Jake watched the plane before him. It banked first to the left, then the right, then back to the left again, using no rudder. It then leveled off. “I’m going to call that a positive identification six-three-seven,” he said. “We’re currently heading one-eight-four degrees and moving at one-six-zero knots. Maintain your current heading and I’ll come down and form up on your left wing.”

“Sounds good, four-one-five,” Helen said. “Are you using flight following?”

Jake smiled. “I am,” he said. “Someone taught me once that it’s always a good idea to have The Man keep an eye on you while you’re up here.”

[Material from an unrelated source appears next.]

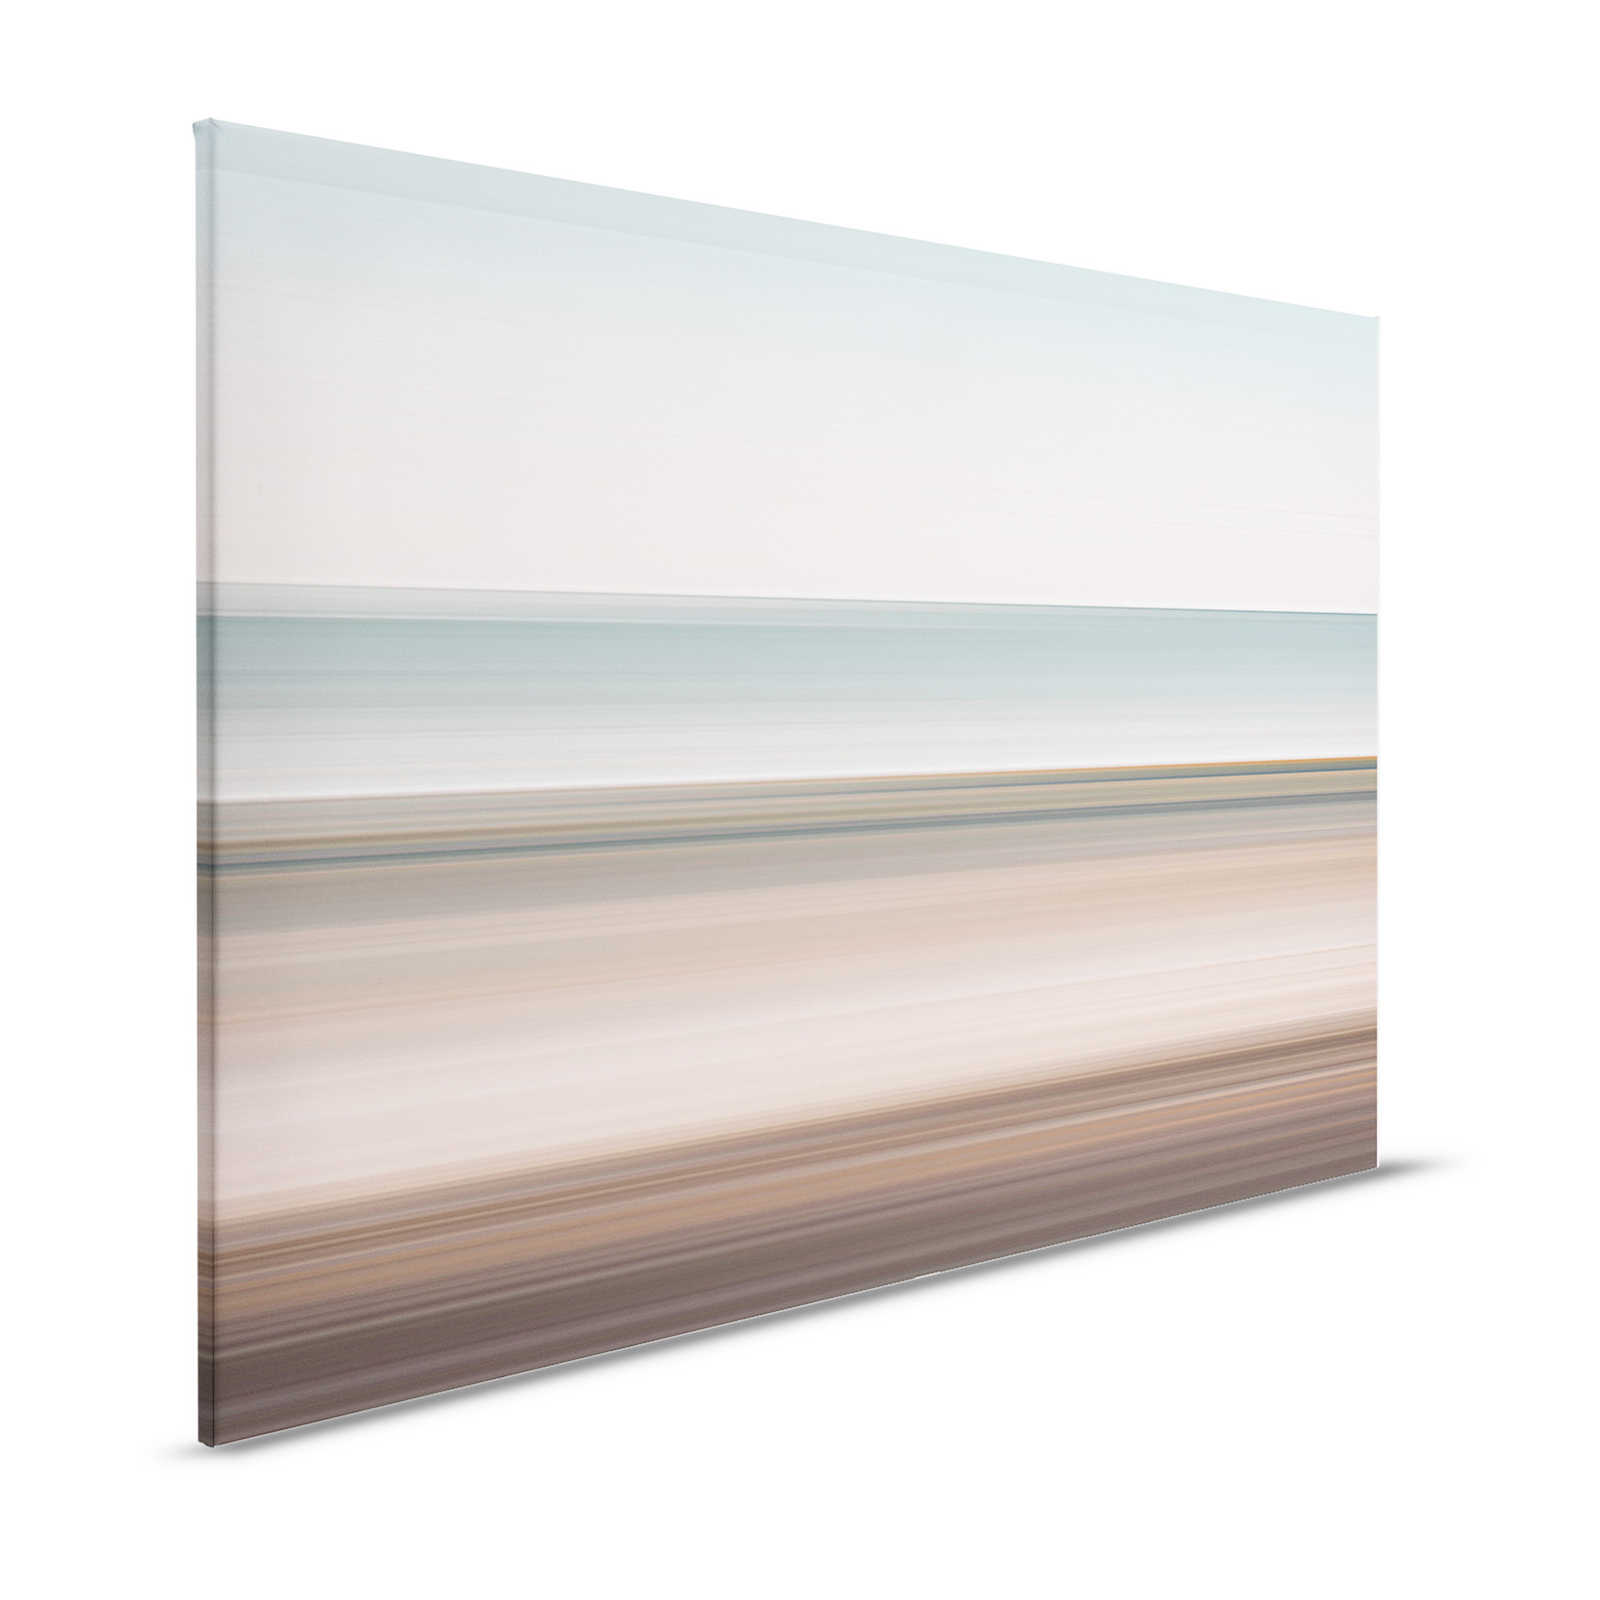 Horizon 2 - Quadro su tela con paesaggio astratto e linee - 1,20 m x 0,80 m

“You must have had a good teacher,” she replied, the slightest hint of a smile in her tone. “In this situation, however, you’re going to want to discontinue it or we’ll set off a TCAS alert when we close with each other.”

“Okay,” Jake said. “I’ll let Center know.”

“Be sure and explain why to them,” she said. “They won’t have a problem with what we’re doing, but it’s the sort of thing they like to know about.”

“Will do,” Jake said. “I’m going to pop back over to the Center frequency and then I’ll start my approach.”

“Sound good,” she said. “Be careful, Jake. Formation flying is not as easy as it seems. It doesn’t take much to screw up and have a midair. Maintain at least five-zero feet of horizontal separation from us at all times.”

“Will do, Sensei,” he said, calling her by a name he hadn’t used since he had been her actual student.

This time the smile in her tone was more apparent. “Talk to you in a minute, Jake,” she said.

He flipped over to the frequency for LA Center and told them they could discontinue flight following for now and that he and aircraft NT637 would be doing some formation flying just north of Santa Catalina for the purpose of photography for a film project. The controller calmly repeated back what he said and then told him to have a nice day. He wished her the same and then switched back to Helen’s frequency. “Four-one-five is back on this frequency,” he said. “I’m coming up on you now. We’ll approach and maintain on the left side.”

“Sounds good, four-one-five,” Helen said. “That’ll be our good side for the purposes of this mission.”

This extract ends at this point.